#### Supplied data

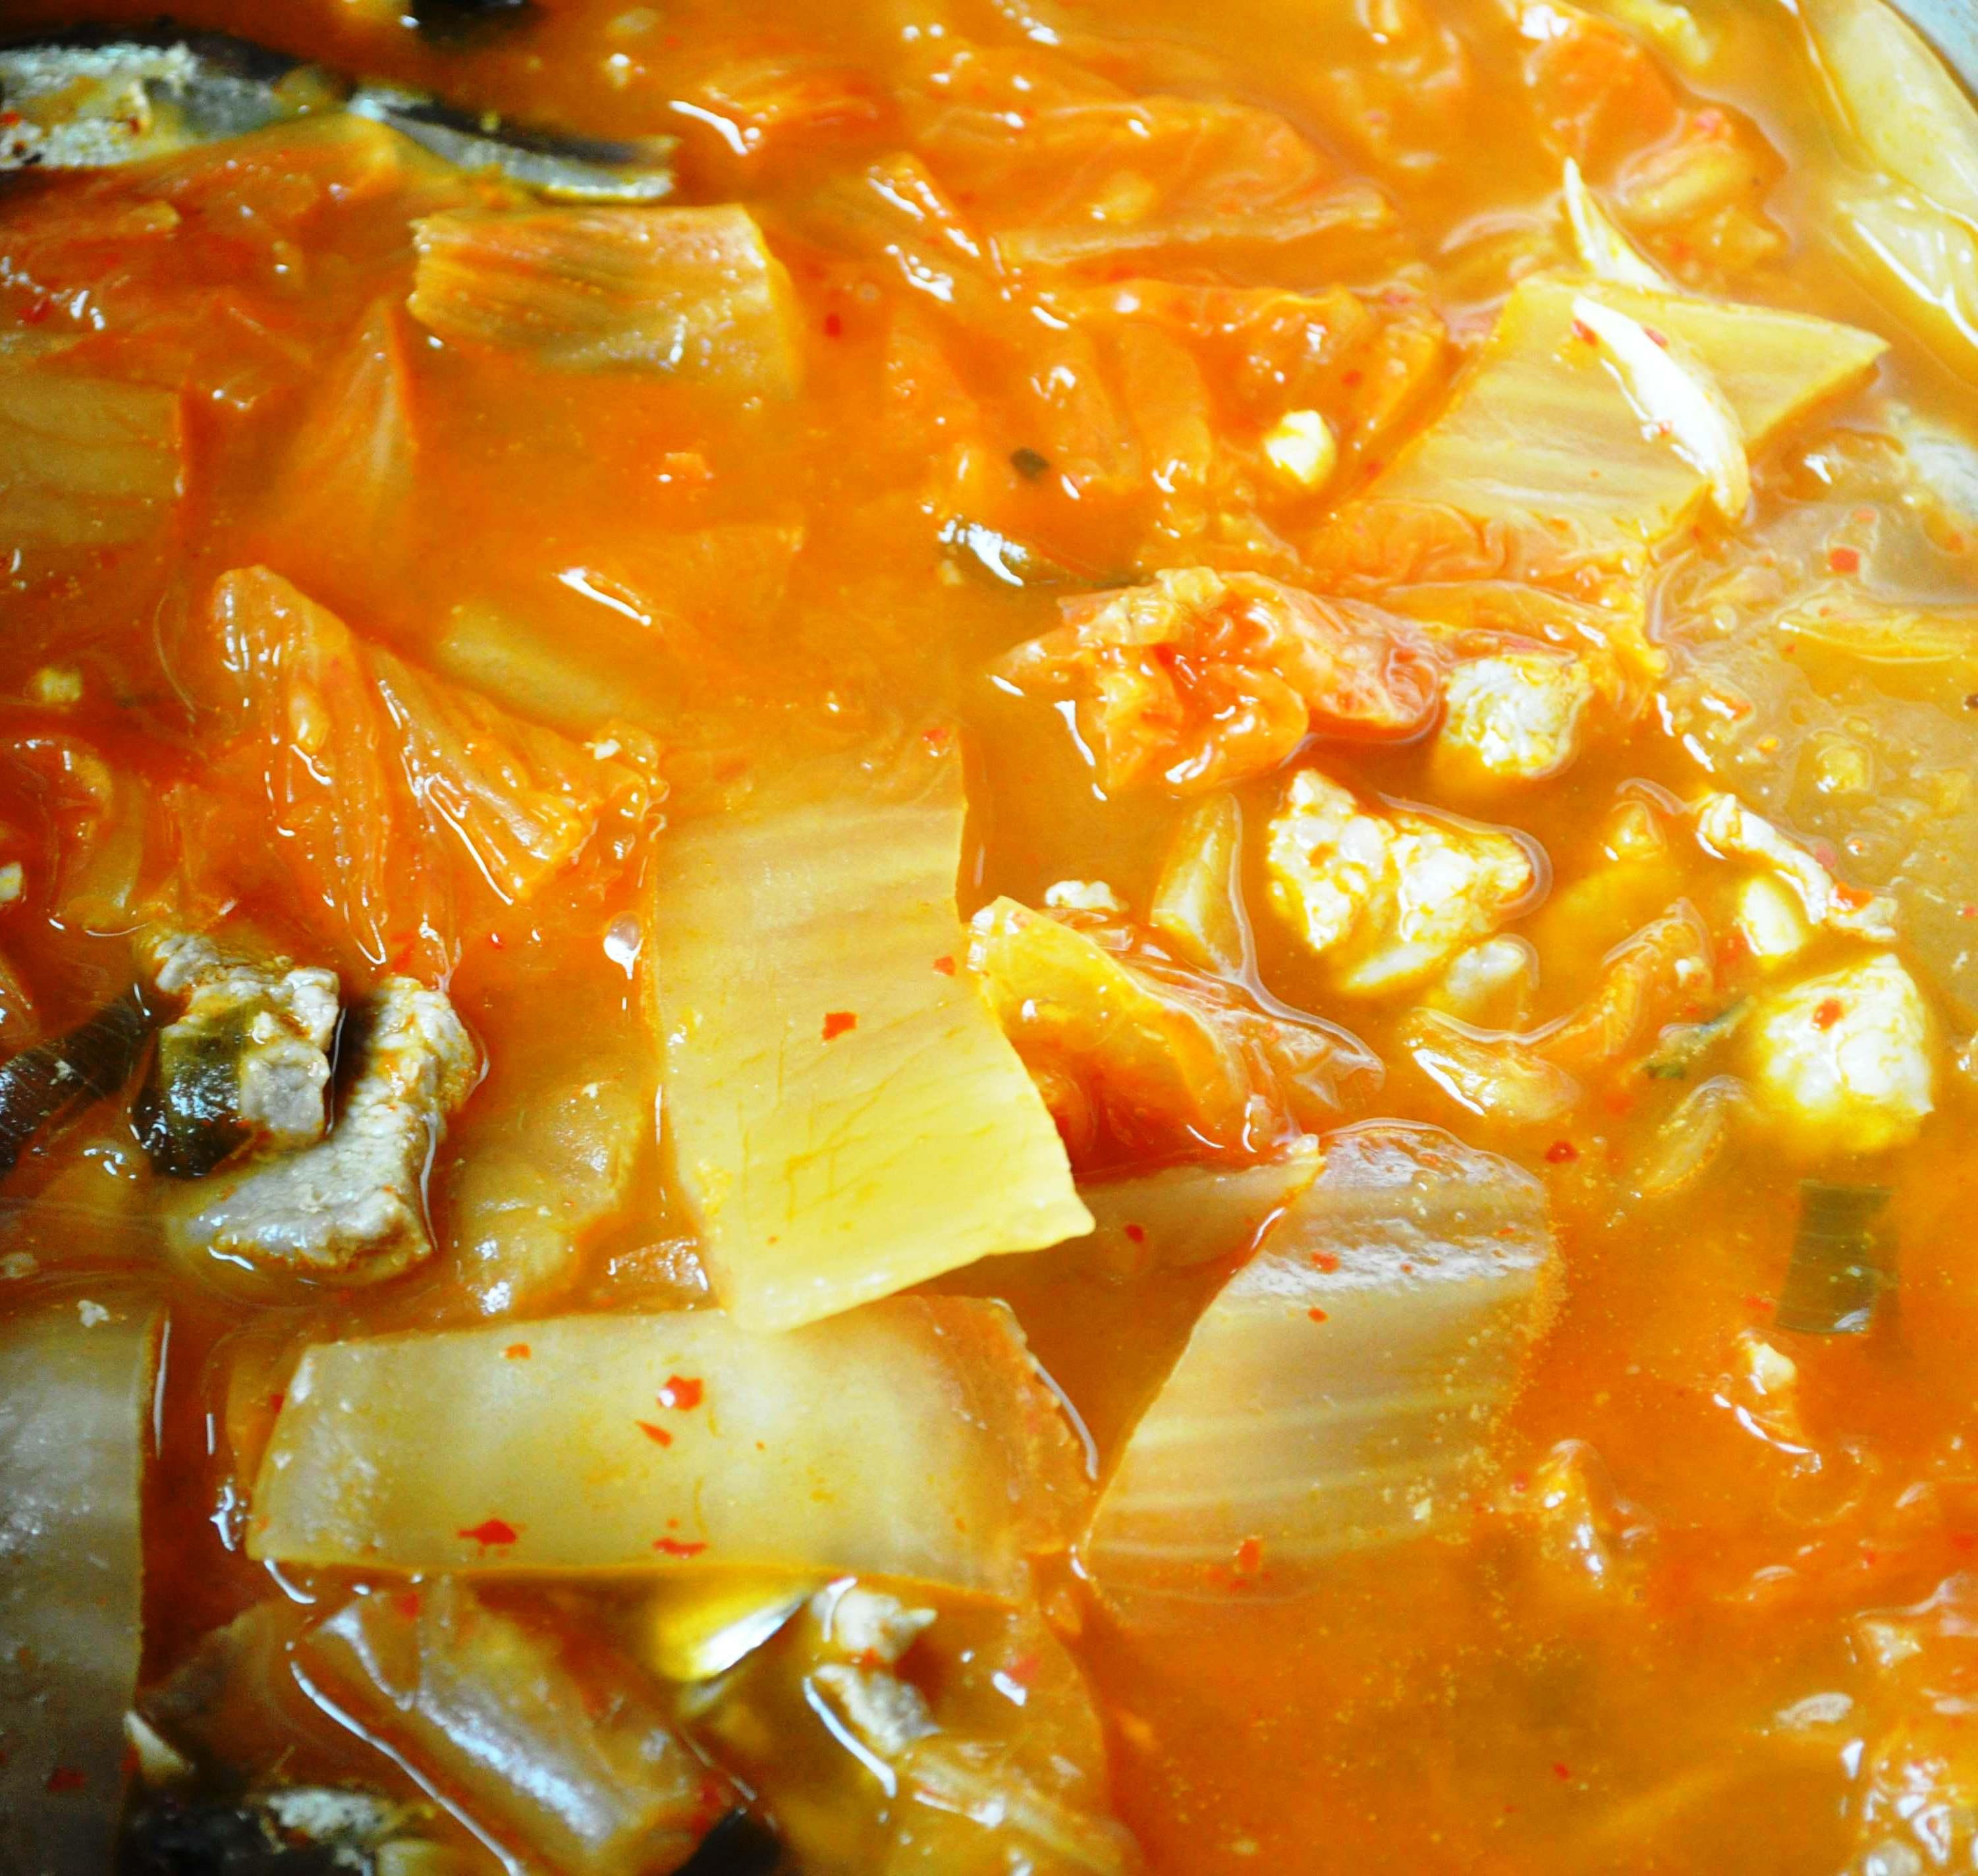 kimchi jjigae before
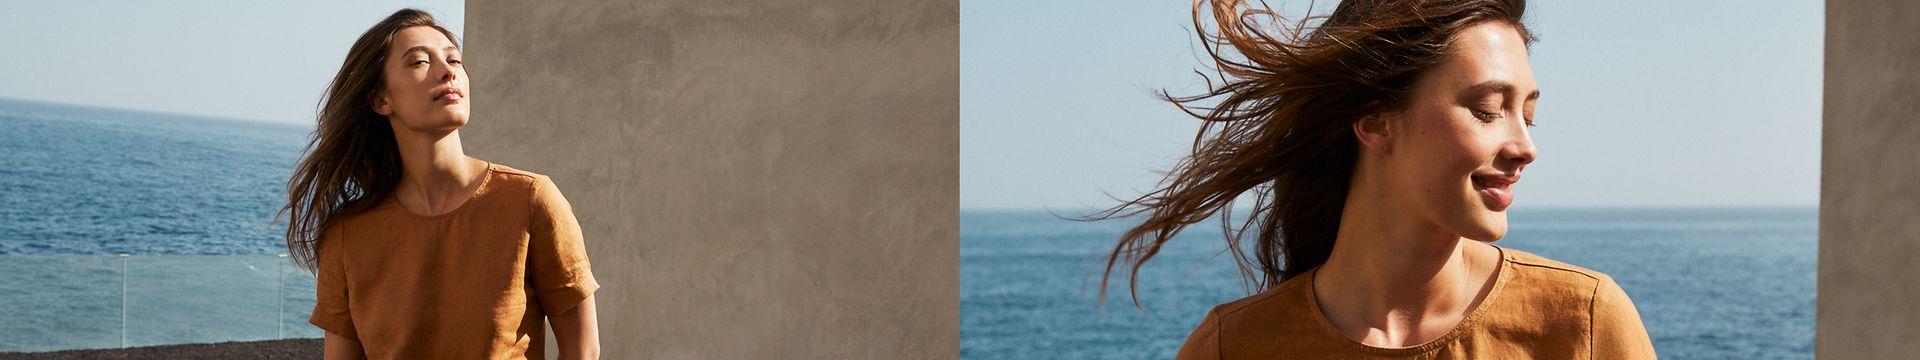 182020 - Mujer - Inspiración - tc banner - Coñac&Negro - IMG
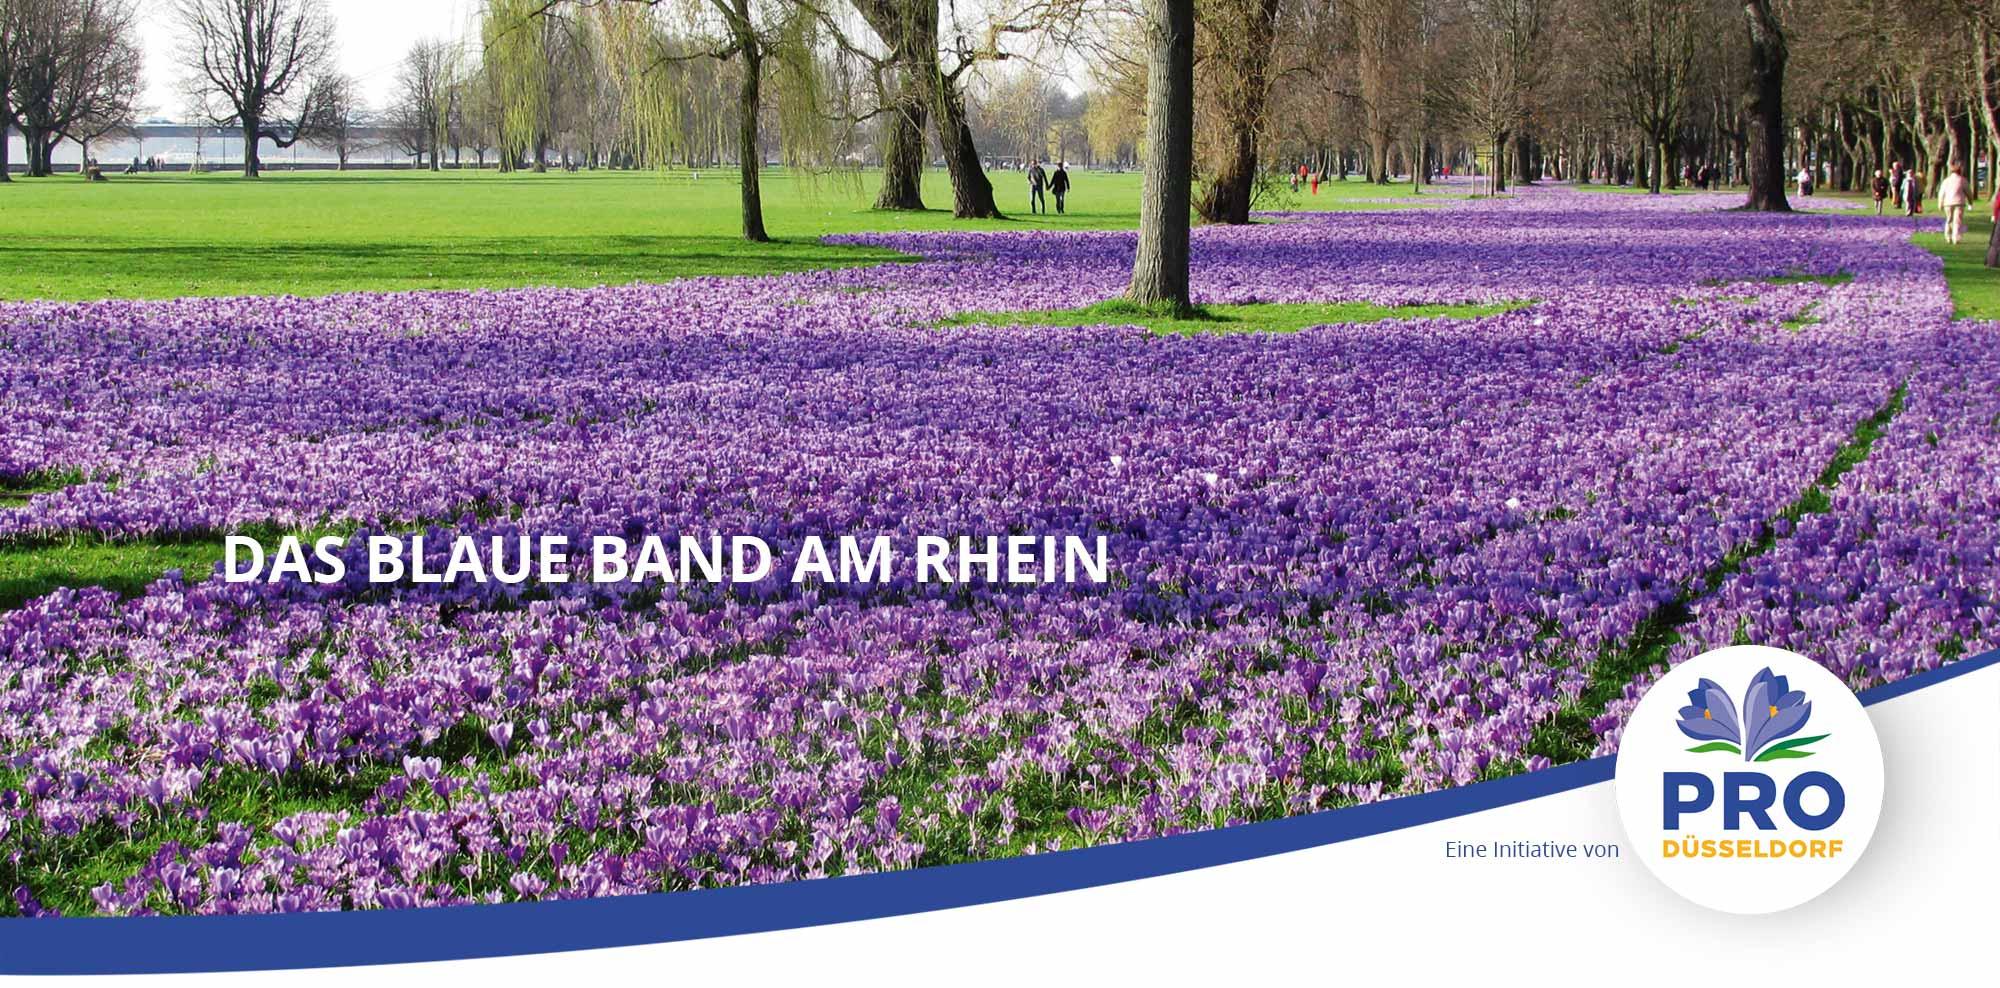 Das Blaue Band / Krokusfelder im Rheinpark

########

Problem description: Would you copy each line above exactly as given, dropping any images?

Response area:
 kimchi jjigae before
 182020 - Mujer - Inspiración - tc banner - Coñac&Negro - IMG
 Das Blaue Band / Krokusfelder im Rheinpark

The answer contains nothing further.